Chrome OS, a month later

I'm happy with my Chromebook. But, it serves a very niche purpose and my expectations were quite low. I also bought a rather end (if year old or so) model.

Which brings me whether Chrome OS is there yet or not. And my answer is, no.

It absolutely has everything a certain subset of the market needs. But, the tradeoffs are generally only going to be worth it if you can't afford something better, or, if you're going on the high end, have money to burn.

If you feel you can't justify something better, but could afford it. Look elsewhere. Unless you know a Chromebook is what you need.

Here is the realization I came too. Chrome OS has added a lot of functionality. It has added Android apps to almost every somewhat recent model and some newer models can even run some Linux apps with some caveats. But, the performance is generally quite poor in those areas. Cheaper Celeron or ARM based devices MIGHT be able to handle single thread tasks in these areas.

In short, Chrome OS is still meant primarily for consuming the web and web apps.

While the performance in my Chromebook has improved over time, the troubling thing is that web apps are still laggier at times than on my other laptops, tablets, phones and desktops. And I never have more than 1-2 tabs open at once. My Chromebook has a quad core Core m3 processor and 4GB of RAM. I disabled all of my addons and things got better. But, it still runs slower on average on Chrome on my 3+ year Haswell laptop. Granted, that things is running a mobile i5 processor and not an M series. But, it is also running full Kubuntu and was previously running Windows 10.

And that is a problem. An OS purpose built for web browsing runs slower than the same browser running on another OS on similarly affordable hardware. The supposed power of Chrome OS is also it's crux. If Chrome on Chrome OS isn't the fastest browsing experience, and by a decent margin and the Android and Linux app experiences are sub par, then the devices need to be FAR cheaper. But they aren't. Let's face it. Web browsers exist on every OS and Chrome runs on many of them as well. If your emphasis is the web and web apps you have a wide army of competitors.
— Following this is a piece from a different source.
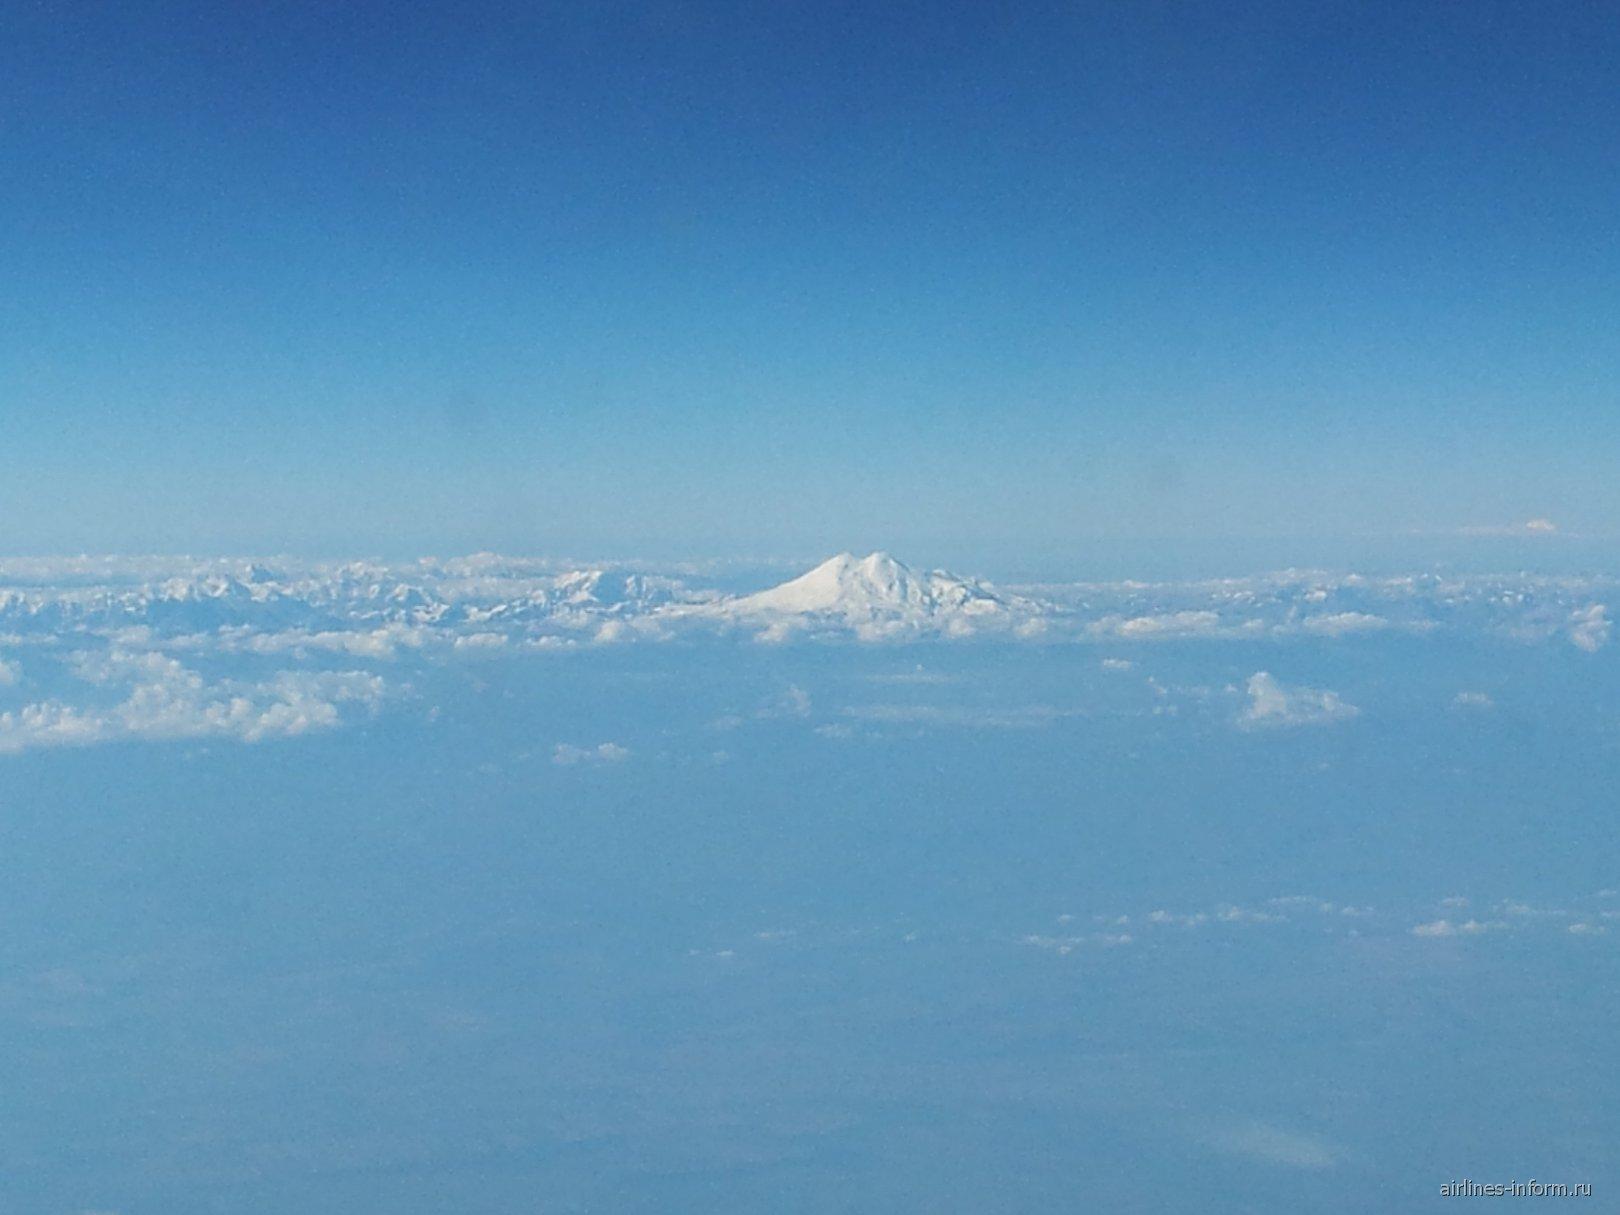 Пролетая над Кавказскими горами

A side problem is, having Android app support actually tarnishes the experience. I installed Facebook and Twitter and they ran like garbage. They were janky and slow. Crashed frequently. I think, many users who want those services would turn around and return the laptop. But, if you realize the web first approach to Chrome OS, you'll just go to the web sites. And, then if you're even more in the know you'll create a shortcut. Then the experience will feel a lot more like an app. And the performance will be better. If there was no Android support, I would lean on web sites for things like Twitter and Facebook without a second thought. I'd also assume and maybe even search out a way to make shortcuts.
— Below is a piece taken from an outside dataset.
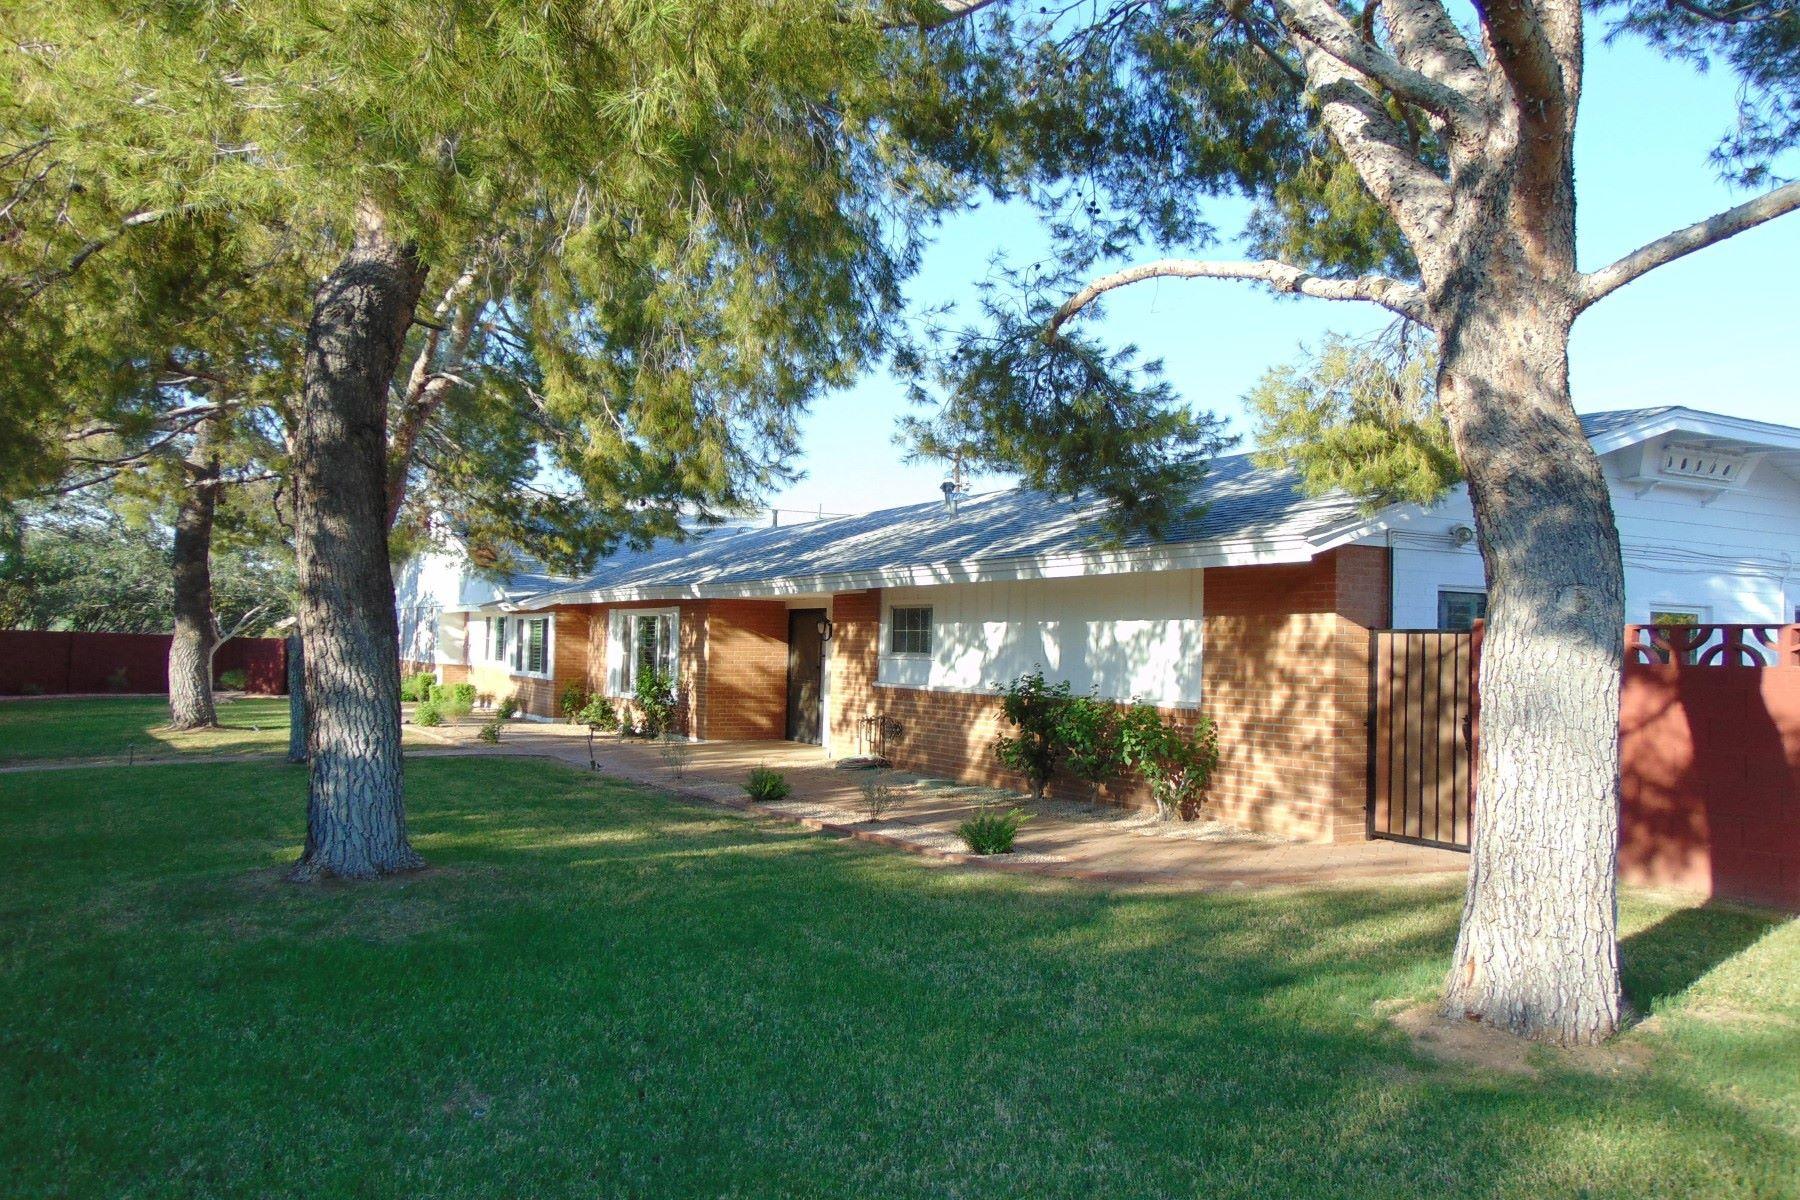 Maison unifamiliale pour l Vente à Beautifully remodeled home in Park Paradise 4350 E Vermont Ave Phoenix, Arizona, 85018 États-Unis

But, the existence of the Play Store instead drove me to seek out apps first. And it took over a week before it ever dawned on me to see if I could make links somehow out of my frequently visited web sites.

I hear Linux support is even worse than Android. My device doesn't get Crostini (or not yet). But, that is a side note. Most mainstream users won't touch that.

In short... the performance needs to be addressed (if possible). Chrome OS should be a much leaner OS than the competition. It really should run the web faster and make that experience more accessible. Android apps are also a problem, but the bigger problem is that there is nothing in the OS to help you discover if the buggy Android app you want to use has a proper web experience and how to get an easily clickable icon to that site.

Really, just sorting those 2 things out would do a lot to improve the perception. It would also make it a lot easier to generally recommend these devices in a market where you can pick up some iPad models in the $300 range not to mention a wide array of reasonable Windows laptops. Both of which can also run web sites and web apps more than sufficiently.

If you want to shell out $1000+, sure there are things like the Pixel Book, and that probably runs even the Android apps like a dream. But, $1000+ premium devices were never the (stated) aim of Chrome OS. And, at those prices your options are a whole lot wider. But, if you want a convertible laptop or tablet with Android apps, and you have the cash, it is definitely a fine answer.

On the cheap side, if you need it primarily for Google's web apps, or you've found one, and it is the only thing in your budget. Go for it.

But, right now, the more affordable segment of Chromebooks is still hard sell and recommendation for me.